"See with your heart and soul. Be Here.” – Nysha Charlene
What are the symptoms?
The symptom that brings most people to an eye doctor is a change in central vision. A doctor looking at the retina of a person with Stargardt disease will see characteristic yellowish flecks in and under the macula. The flecks might extend outward in a ring-like fashion.
The flecks are deposits of lipofuscin, a fatty byproduct of normal cell activity. In Stargardt disease, lipofuscin accumulates abnormally. The Foundation Fighting Blindness supports research studying lipofuscin build up and ways to prevent it.
A decrease in color perception also occurs in Stargardt disease. This is because photoreceptor cells involved in color perception are concentrated in the macula.
What is Stargardt Disease?
Stargardt disease is the most common form of inherited juvenile macular degeneration. The progressive vision loss associated with Stargardt disease is caused by the death of photoreceptor cells in the central portion of the retina called the macula.

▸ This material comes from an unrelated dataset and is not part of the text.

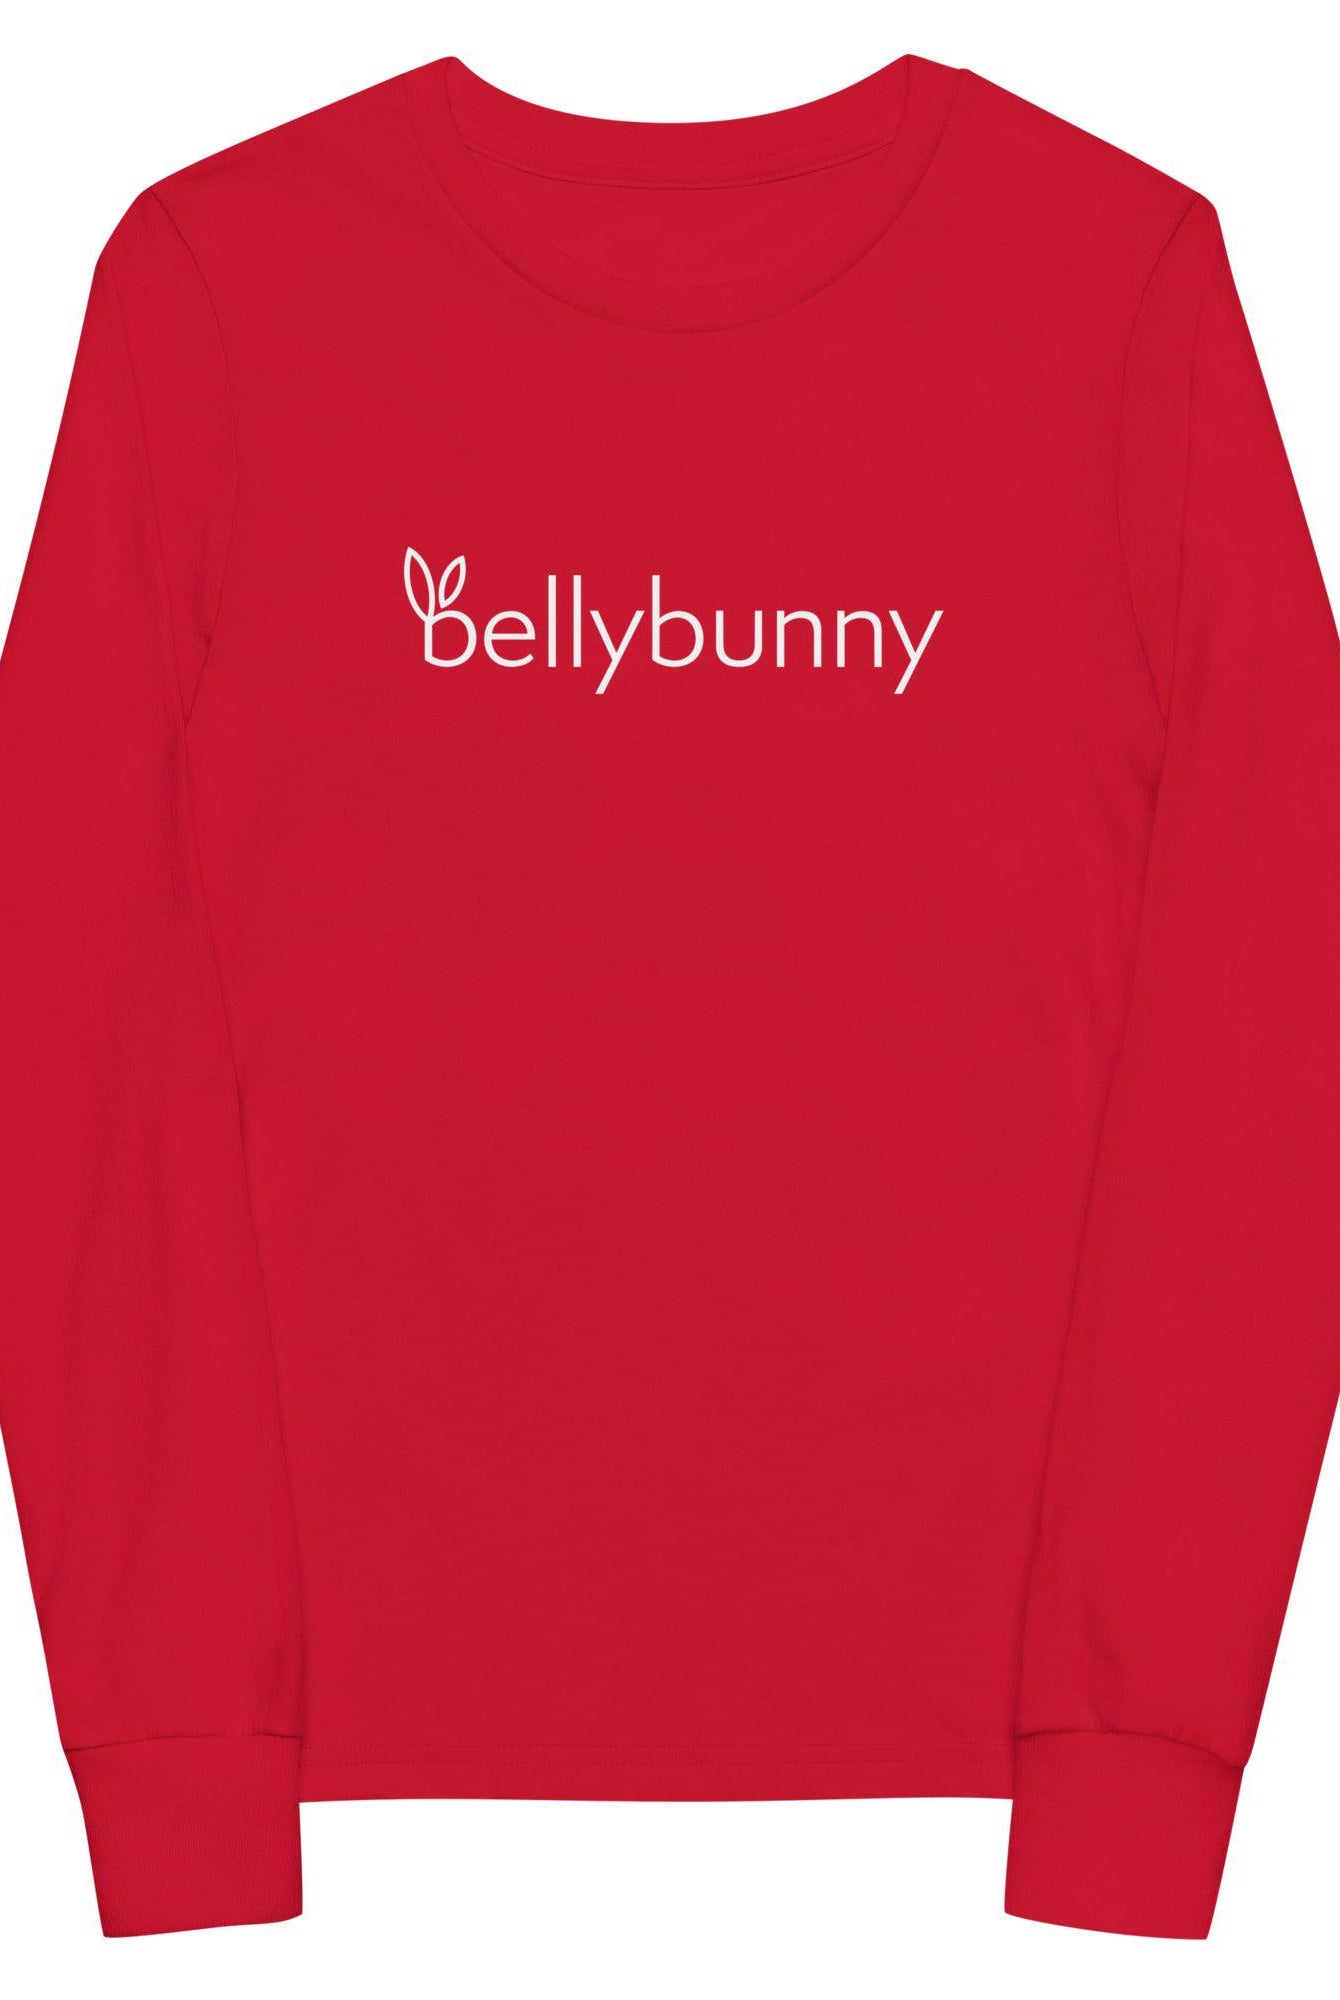 Bellybunny-Youth Long Sleeve T-Shirt-Red-white logo

The retina is the delicate light-sensing tissue lining the back inside wall of the eye. Photoreceptor cells in the retina provide vision by conveying information from the visual field to the brain. The macula is responsible for sharp central vision — for tasks like reading, watching television, and looking at faces.

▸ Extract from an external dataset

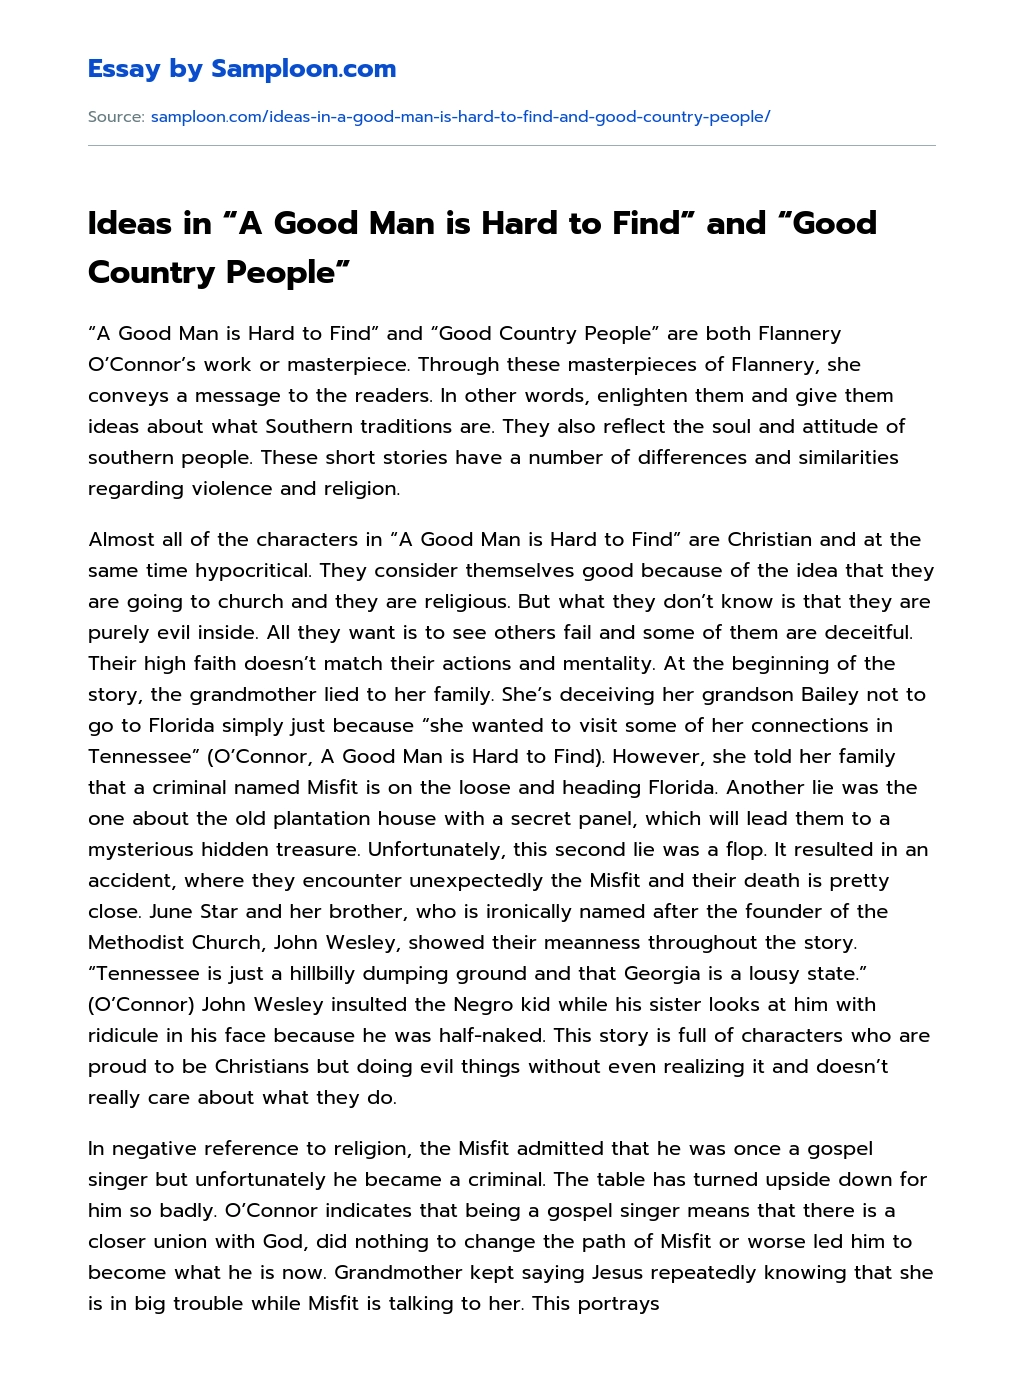 Ideas in “A Good Man is Hard to Find” and “Good Country People” Summary essay

Decreased central vision is a hallmark of Stargardt disease. Side vision is usually preserved. Stargardt disease typically develops during childhood and adolescence. Also involved in Stargardt disease is a region beneath the macula called the retinal pigment epithelium.
Is it an inherited disease?
Stargardt disease is almost always inherited as an autosomal recessive trait. It is inherited when both parents, called carriers, have one gene for the disease paired with one normal gene. Each child has a 25 percent chance of inheriting the two copies of the Stargardt gene (one from each parent) needed to cause the disease. Carrier parents are unaffected because they have only one copy of the gene.
In 1997, Foundation-funded researchers found the gene for Stargardt disease, ABCA4, which normally causes the production of a protein involved in the visual cycle. Lipofuscin buildup appears to be related to a mutation in this gene, and the resulting production of a dysfunctional protein.
Genetic counselors are an excellent resource for discussing inheritability, family planning, career choices and other issues related to living with Stargardt disease.
How quickly does vision fade?
The progression of symptoms in Stargardt disease is variable. Visual acuity (the ability to distinguish details and shape) may decrease slowly at first, accelerate, and then level off.
A study of 95 people with Stargardt disease showed that once a visual acuity of 20/40 is reached, there is often rapid progression of additional vision loss until it reaches 20/200. (Normal vision is 20/20. A person with 20/40 vision sees at 20 feet what someone with normal vision sees at 40 feet.) By age 50, approximately 50 percent of people in the study had visual acuities of 20/200 or worse.
Eventually, almost everyone with Stargardt disease has a visual acuity in the range of 20/200 to 20/400. The vision loss is not correctable with prescription eyeglasses, contact lenses, or refractive surgery.
What treatment is available?
While there are currently no treatments for Stargardt disease, the Foundation is supporting several promising avenues of research, including gene, stem cell and drug therapies.
For the latest research advances for Stargardt disease treatments, refer to the Foundation publication Stargardt Disease: Research Advances
UV blocking sunglasses are generally recommended for outdoors. For people who already have significant vision loss, low vision aides are available.